Everything in the listing that follows should be reproduced exactly except the pictures.

------ Dataset section ------

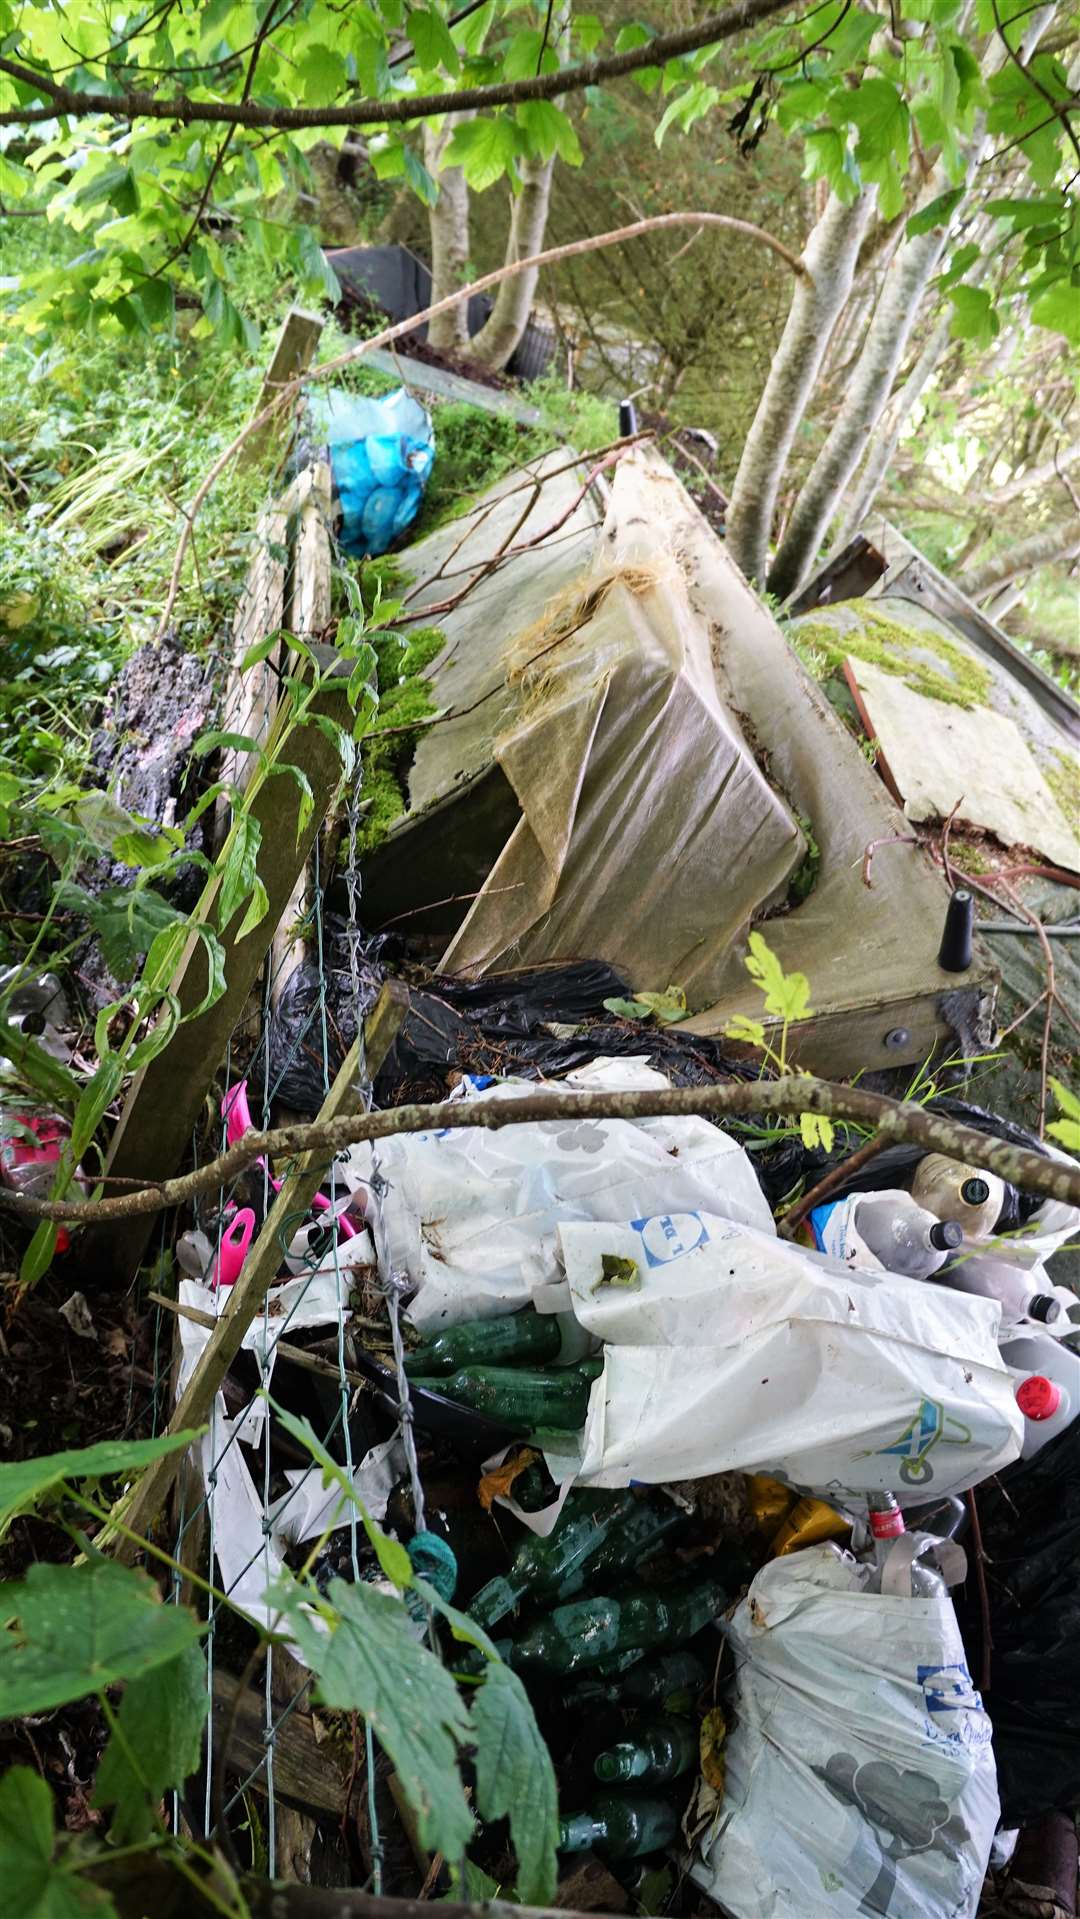 Historic fly-tipped articles lie further behind the properties and appear to have lain there for a number of years.
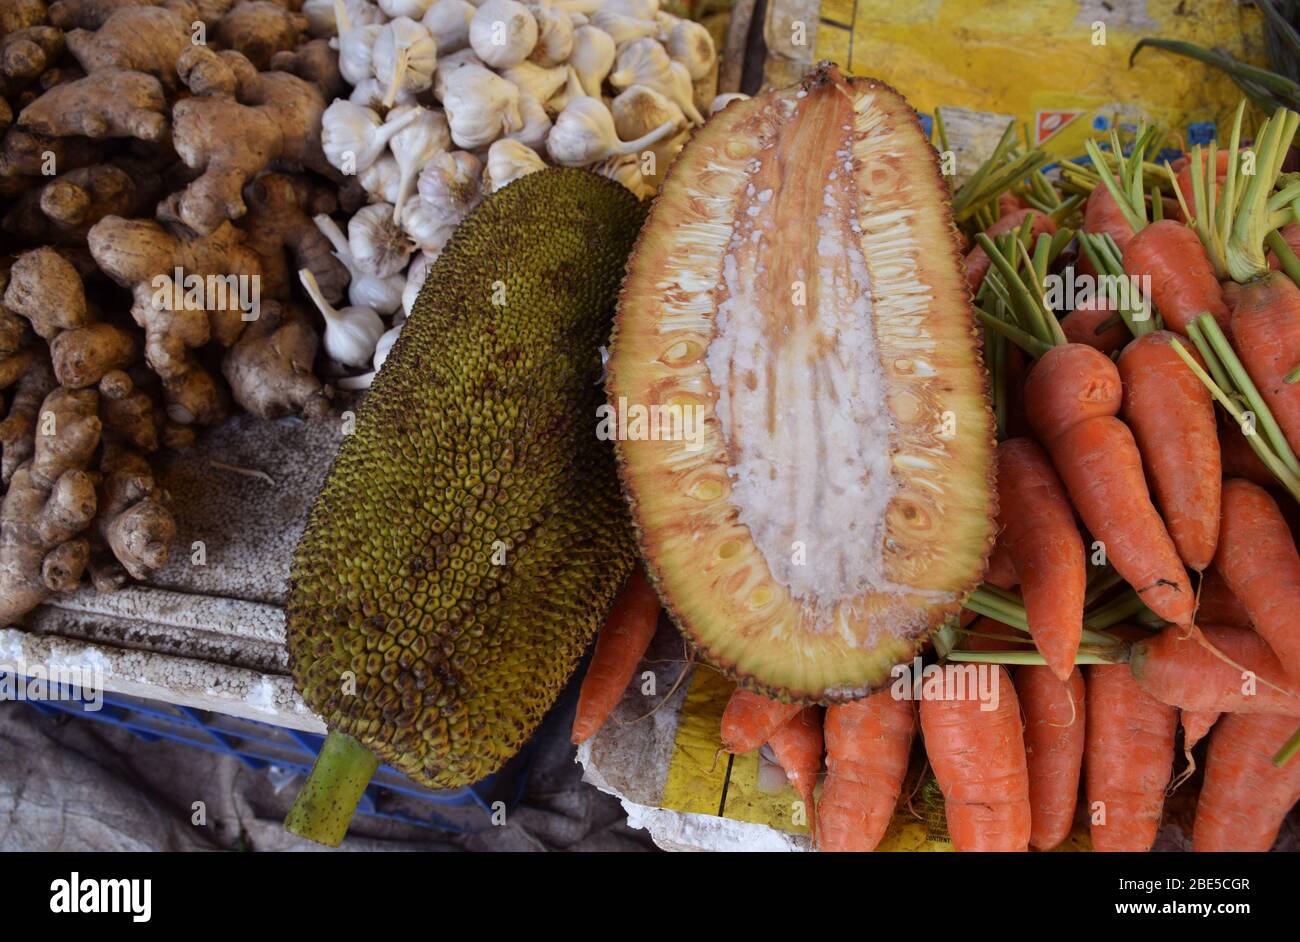 Indian Jackfruit or Kathal in an Indian vegetable market Stock Photo
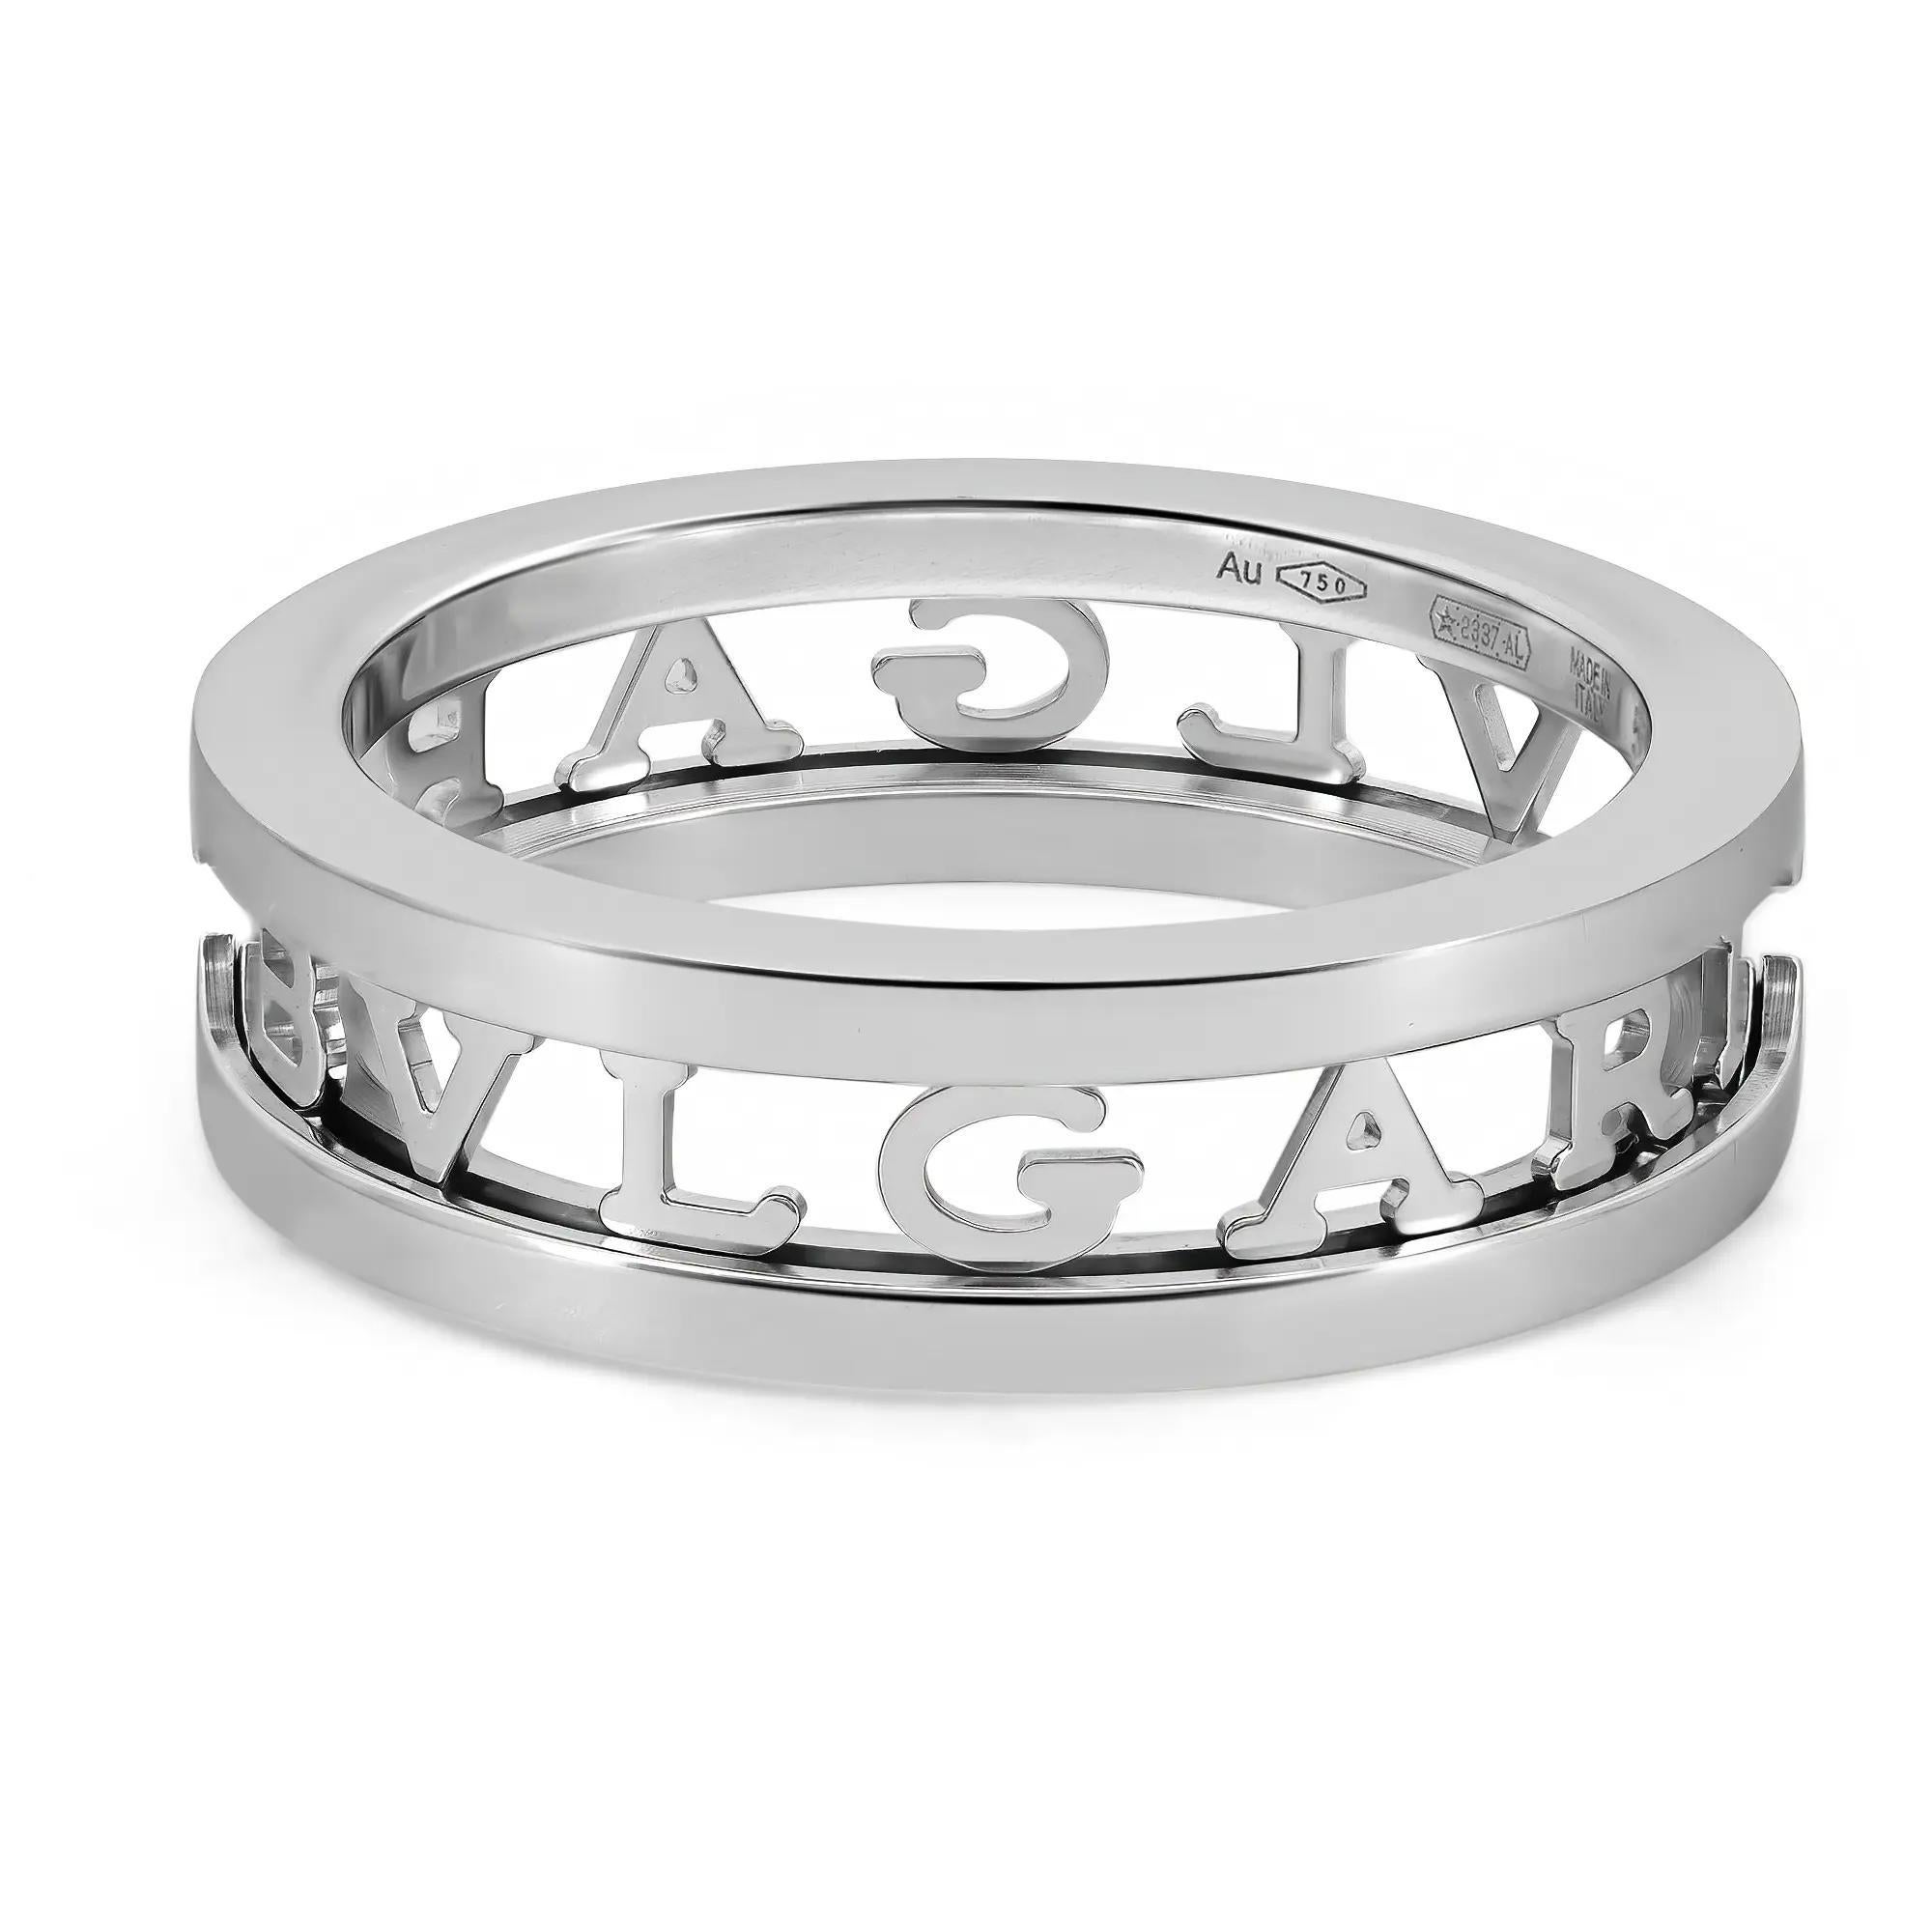 Fabulous and chic, this Bvlgari B.Zero1 band ring is a ground-breaking statement of Bulgari’s creative vision. Crafted in lustrous 18K white gold. It features the iconic BVLGARI logo as a bold element of design in a one-band openwork spiral ring.

------

Solution below:
 Historic fly-tipped articles lie further behind the properties and appear to have lain there for a number of years.
 Indian Jackfruit or Kathal in an Indian vegetable market Stock Photo
 Fabulous and chic, this Bvlgari B.Zero1 band ring is a ground-breaking statement of Bulgari’s creative vision. Crafted in lustrous 18K white gold. It features the iconic BVLGARI logo as a bold element of design in a one-band openwork spiral ring.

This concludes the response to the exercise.